Но теперь она каждую минуту вспоминала мистера Фернборо, и жизнь ее была освещена предчувствием счастья.

старинная французская новелла

Контролер

Граф Нуарбель, полгода назад назначенный контролером финансов, попросил личной аудиенции у короля, ибо результаты его проверок были ужасающими. Банкиры завышали процент, но занижали прибыль. Налоги собирались дурно. Изрядная часть откупных платежей тихомолком переправлялась в итальянские банки. Золотая монета уходила из оборота, заменяясь порченым серебром. Цены на хлеб росли, росло и брожение в народе. Но главное – армия. Командование требовало все больше и больше денег на новые пушки, мушкеты, обмундирование, лошадей, фураж, пропитание для солдат – но деньги эти разворовывались наполовину, а то и на две трети.

Нуарбеля долго вели по лестницам и коридорам, где сновали какие-то офицеры, толстые мужчины с подносами и чашами – очевидно, повара; встречались и молодые дамы в пышных нарядах, спокойно беседующие с мушкетерами-стражниками. Нуарбель шел за своим провожатым, особенно не озираясь, держа в руке свернутый в трубку лист и повторяя слова, которые он скажет Его Величеству.
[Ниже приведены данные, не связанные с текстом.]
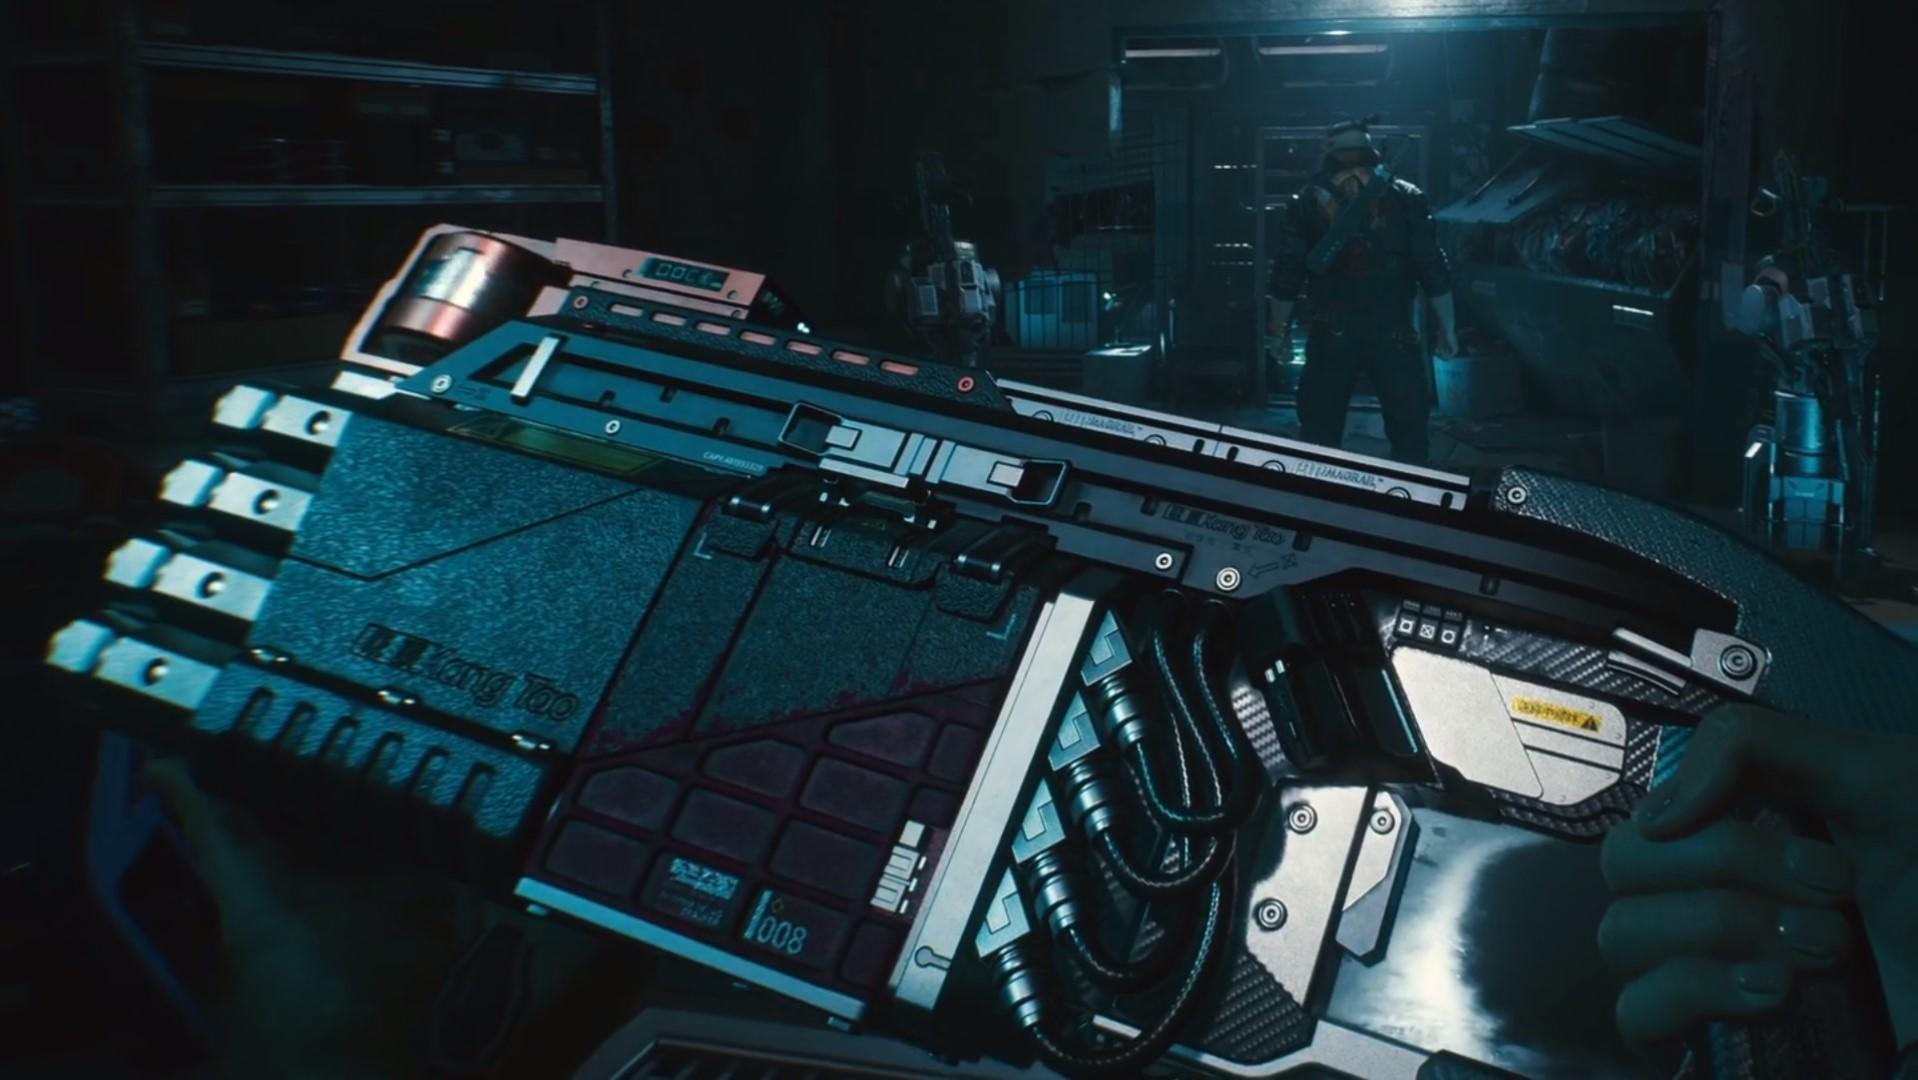 Cyberpunk 2077 has an eight-barreled aimbot shotgun

Наконец у него отняли шпагу и ввели в малый кабинет – просто обставленную комнату с узким окном. Король сидел, разбирая бумаги, за небольшим столом, спиной к распахнутой двери, которая вела, очевидно, в опочивальню – виднелся край кровати, ее резное изножье. Нуарбель раскланялся, прикоснувшись пальцами к паркету. Король протянул руку за докладом. Нуарбель, еще раз поклонившись, вложил в пальцы Его Величества лист, исписанный крупным и четким почерком. Хотел было что-то сказать, но король жестом остановил его и принялся читать.

Нуарбель чуть покосился направо. Между дверью и окном на высоком табурете сидел широкоплечий мужчина в холщовой рубахе и простецких штанах. Рубаха была перетянута широким ремнем, за ремень был заткнут большой кинжал без ножен. Очевидно, это был личный телохранитель короля. Он вполне доброжелательно кивнул Нуарбелю, и тот принялся рассматривать Его Величество.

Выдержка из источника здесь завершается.